The name of any type of service object or service object group. These objects can include many of the specifications explained below, allowing you to easily reuse service definitions among ACLs. There are many pre-defined objects, so you might find what you need without having to manually type the specification or create your own objects.

Protocol

A number between 1-255, or a well-known name, such as ip, tcp, udp, gre, and so forth.

TCP, UDP, TCP-UDP, SCTP ports

You can include port specifications on the tcp, udp, tcp-udp, and sctp keywords. The tcp-udp keyword lets you define ports for both protocols without having to specify them separately. You can use the following methods to specify ports:

  • Single port—tcp/80, udp/80, tcp-udp/80, sctp/3868, or a well-known service name, such as tcp/www, udp/snmp, or sctp/diameter.

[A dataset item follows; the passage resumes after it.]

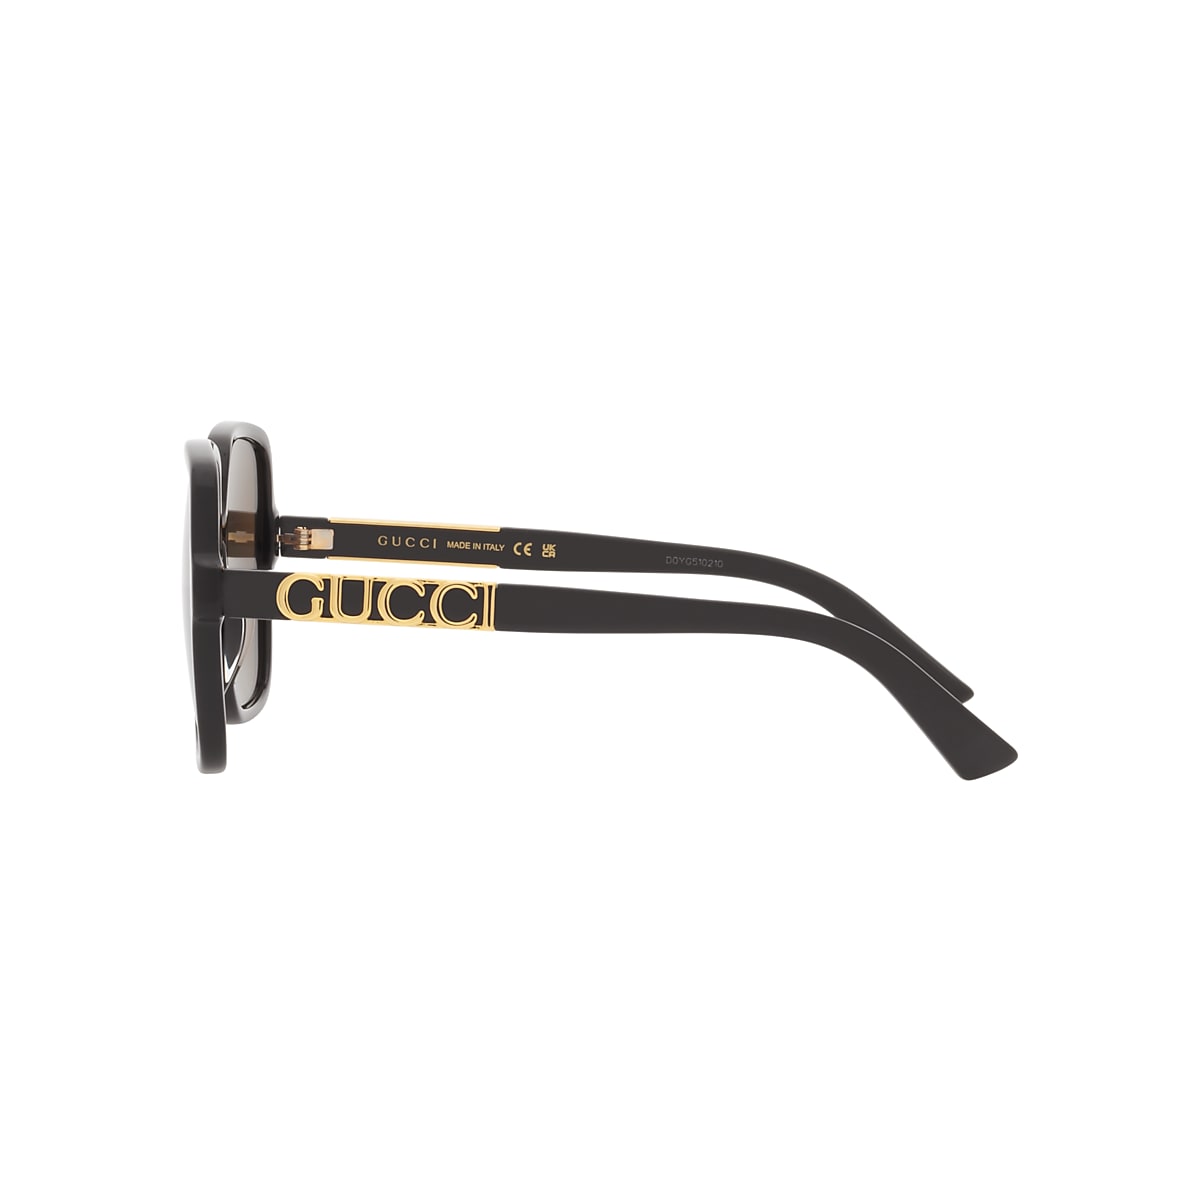 GUCCI GG1189S Black - Unisex Luxury Sunglasses, Brown Lens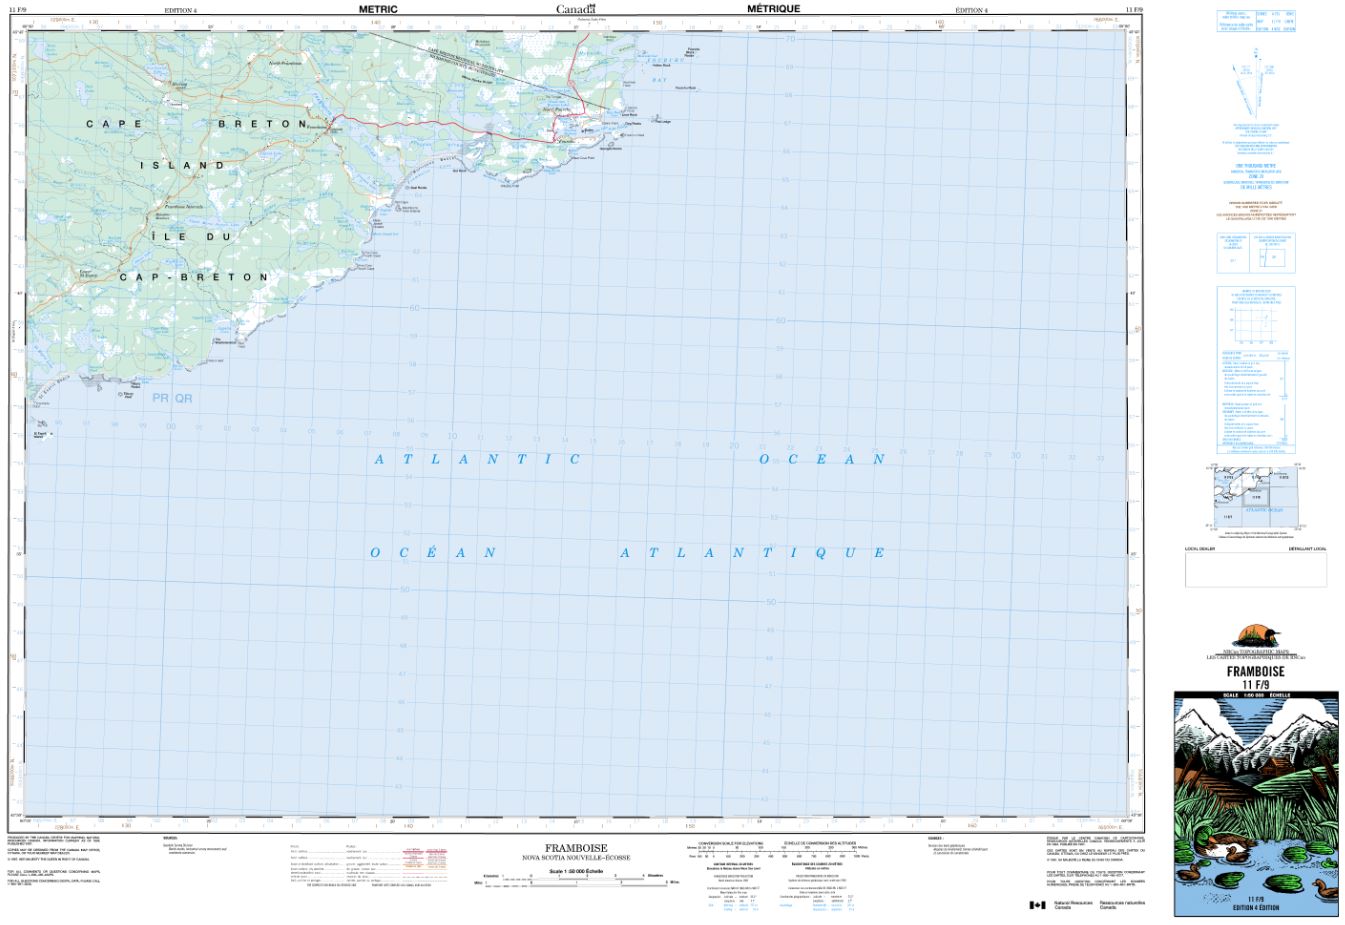 11F/09 Framboise Topographic Map Nova Scotia

  • Range of ports—tcp/1-100, udp/1-100, tcp-udp/1-100, sctp/1-100 matches ports 1-100 inclusive.

  • Not equal to a port—Add != to the beginning of the specification, for example, !=tcp/80 to match any TCP traffic except TCP port 80 (HTTP).

  • Less than a port number—Add <, for example <tcp/150 to match TCP traffic for any port below 150.

  • Greater than a port number—Add >, for example, >tcp150 to match TCP traffic for any port above 150.


Note

DNS, Discard, Echo, Ident, NTP, RPC, SUNRPC, and Talk each require one definition for TCP and one for UDP. TACACS+ requires one definition for port 49 on TCP.


ICMP, ICMP6 messages

You can target specific messages (such as ping echo request and reply messages) and even message codes. There are many pre-defined objects that cover ICMP (for IPv4) and ICMP6 (for IPv6), so you might not need to manually define the criteria. The format is:

icmp/icmp_message_type[/icmp_message_code]

icmp6/icmp6_message_type[/icmp6_message_code]

Where the message type is 1-255 or a well-known name, and the code is 0-255. Ensure that the number you select matches to an actual type/code or the ACE will never be matched.

Configure Standard ACLs

A standard ACL is represented as a named container of ACEs. To create a new ACL, you must first create the container. Then, you can add ACEs, edit existing ACEs, and reorder the ACEs using the standard ACL table. The table can appear as a tab in the ACL Manager when you configure ACLs while configuring the policies that use them, in which case the procedures are the same except for how you get to the window.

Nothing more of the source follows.